To wrap up the series of posts about the cheese fair I’m here to talk to you about some of the amazing food I found there and what you can do to get it!
My opinions are my own and I wasn’t paid for them!
To start off let’s talk about wine. I’m not a wine expert but I can tell you that Terras do Mendo wine is produced locally, in the middle of three different mountainous areas. I can also tell you that the wine I tasted at the fair was very pleasant, not too strong, and that it was ‘easy’ to drink. For some reason beyond my understanding Dão wines are not very well known outside of Portugal (so many people seem to have developed an obsession for Port and a few red wines, only). So if you’d like to give it a try and be different from the rest you can contact them at email@example.com and order a bottle (or more!) of their wine.
Right next to their stall was a company, called Azeites do Cobral, selling three of their brands of olive oil, one of which is organic. If you don’t know much about olive oil let me tell you that besides being one of the most healthy and versatile oils around it can and it will taste differently, depending on the types of olives that are used, on the weather and on several other variants – very similar to wine! An olive oil that has a strong flavour is great to season a salad or to use as a dip, along with some nice bread. A more bland type of olive oil will always be a good option for your cooking. Their website is all in Portuguese, but you can have a look around and if you want more details about their products and/or order some of them you can reach the company at firstname.lastname@example.org.
Probably the most unexpected food product at the fair, to me, were the vegan sausages. I really wasn’t expecting anything like this and the one I tasted was actually good – very good! Biosan‘s sausages are made with non-GMO soy along with the normal seasonings, herbs, etc., that make up the normal sausages. Plus, they’re smoked in the traditional way,which is probably why they’re so tasty! If you’re vegan, vegetarian or you’d just like to try something different they have an online shop, where you can order these and other products.

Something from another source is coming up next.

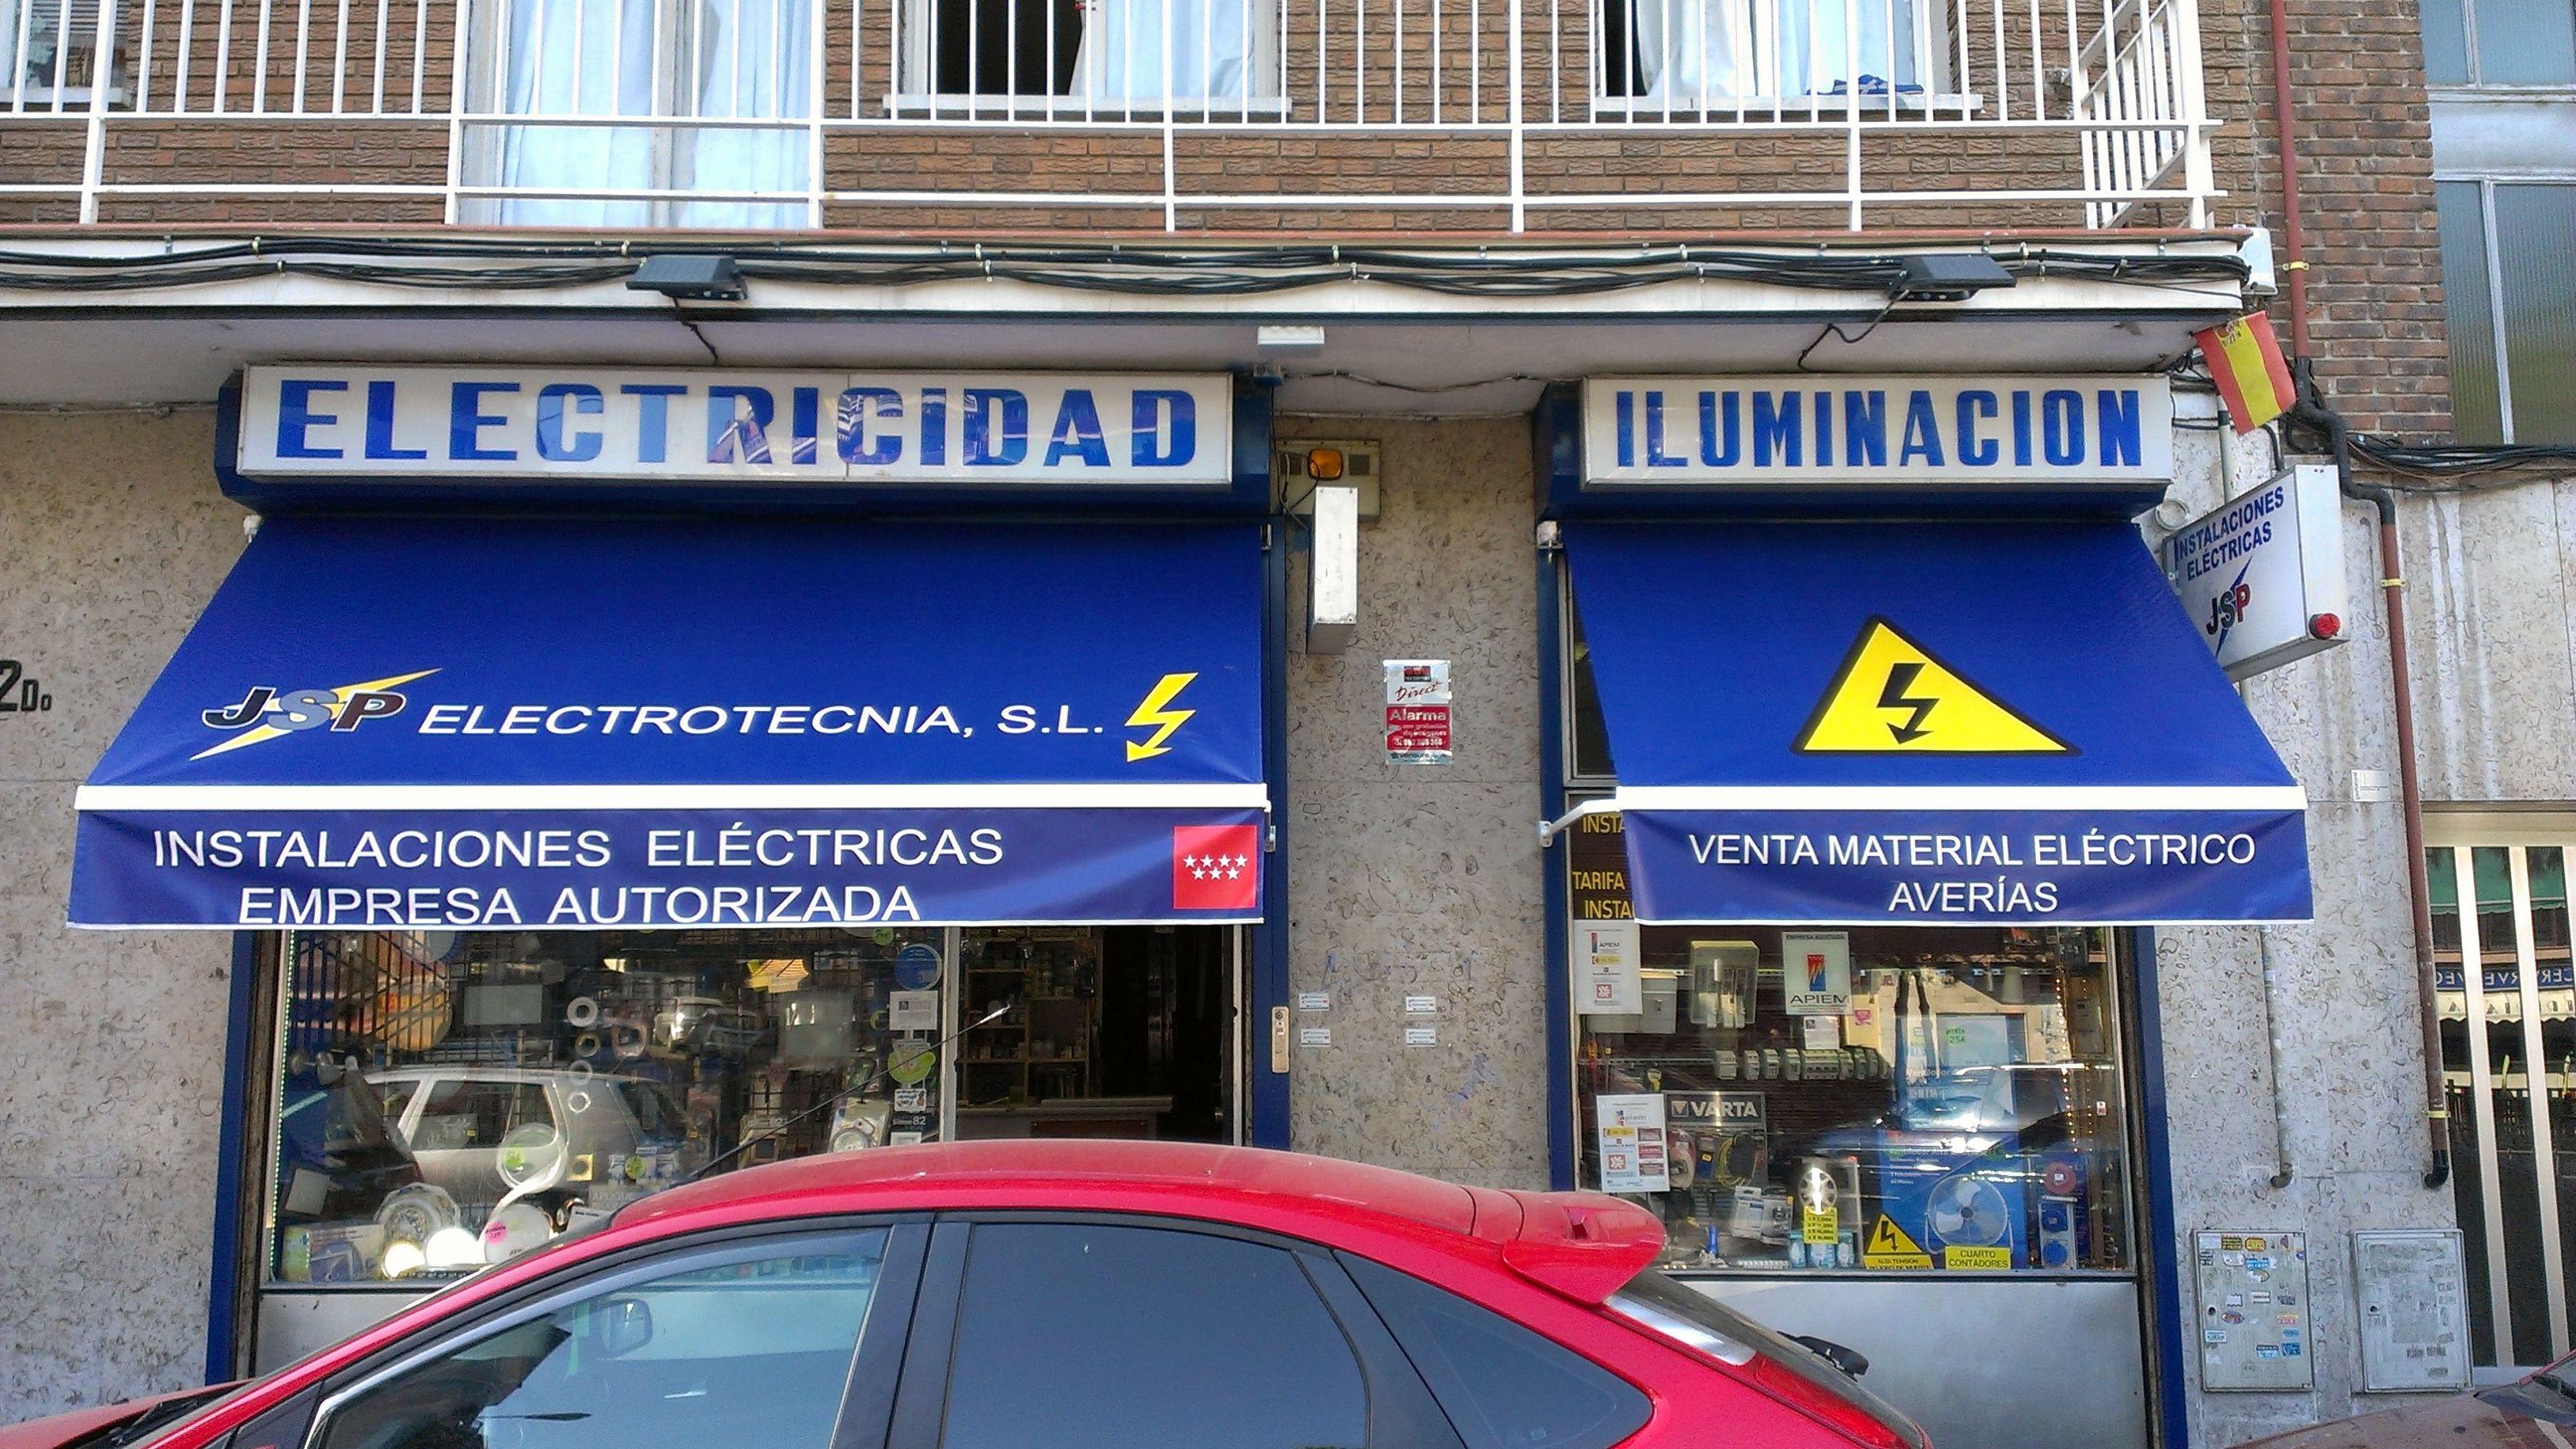 Foto 9 de Electricidad en Madrid | Jsp Electrotecnia, S.L.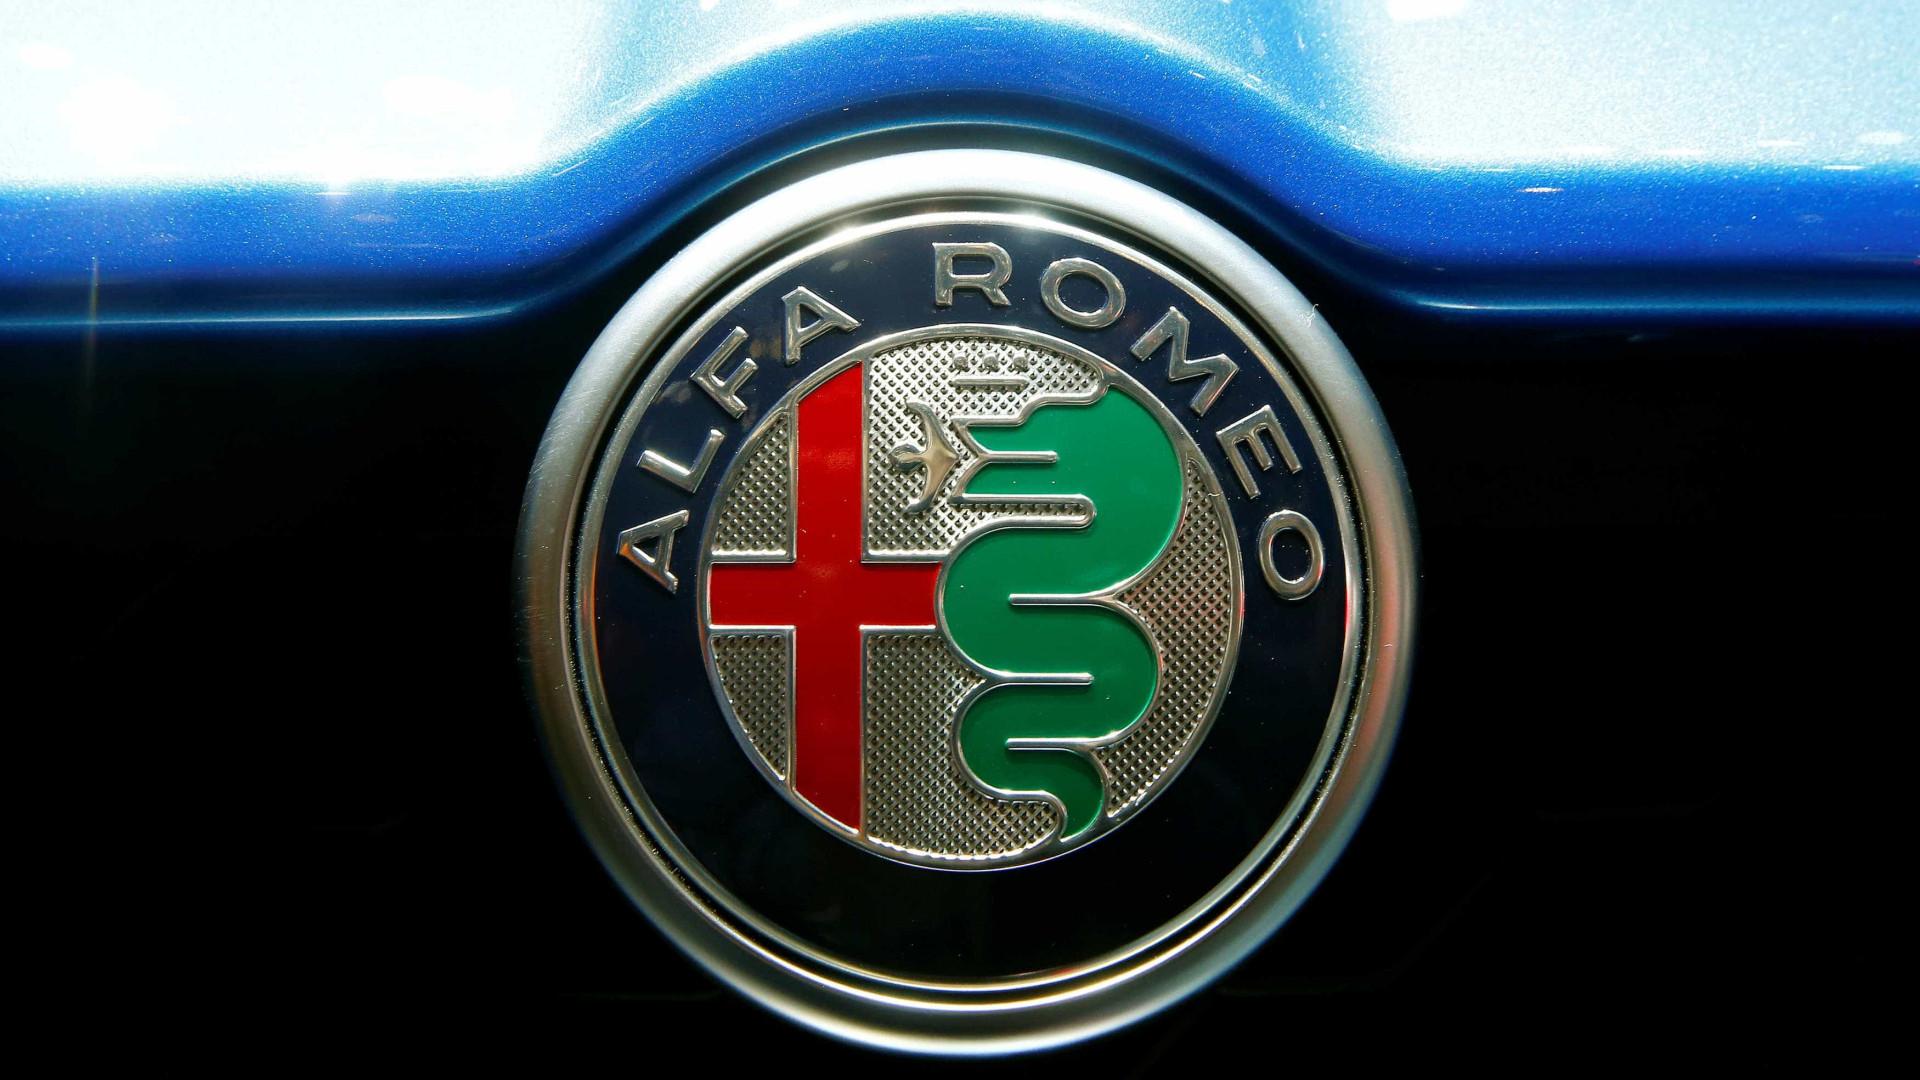 Alfa Romeo De Volta A F on alfa romeo dia, alfa romeo uk, alfa romeo ad, alfa romeo sc, alfa romeo info, alfa romeo ss, alfa romeo name, alfa romeo ac, alfa romeo ti, alfa romeo foto, alfa romeo duetto, alfa romeo gtz, alfa romeo sz, alfa romeo gt,

Next were some of the cutest bonbons I have ever seen – and they were handmade! Yes, it’s true, handmade bonbons with several types of delicious fillings. Their flavours are: strawberry-mint, cassis (a liqueur made from blackcurrants, in case you don’t know), cheese (temporarily unavailable, but I’m told it will soon be back on sale), Port, Griottines (cherries in Kirsch), honey, vanilla with dark chocolate and vanilla with milk chocolate. All the fillings are handmade as well, and the chocolate that is used is from the Belgian brand Callebaut – fancy stuff! My favourite flavour was cassis, but they all tasted wonderful and knowing that humans and not machines made such wonderful things makes it all more valuable to me. Whether you want to get a treat for yourself or impress your significant other with handmade bonbons coming all the way from central Portugal these would definitely be a good choice. The person behind these creations is Ana Paula Rocha and you can contact her for further info and ordering using the following email and phones: email@example.com, +351 963 255 589 or +351 238 601 470.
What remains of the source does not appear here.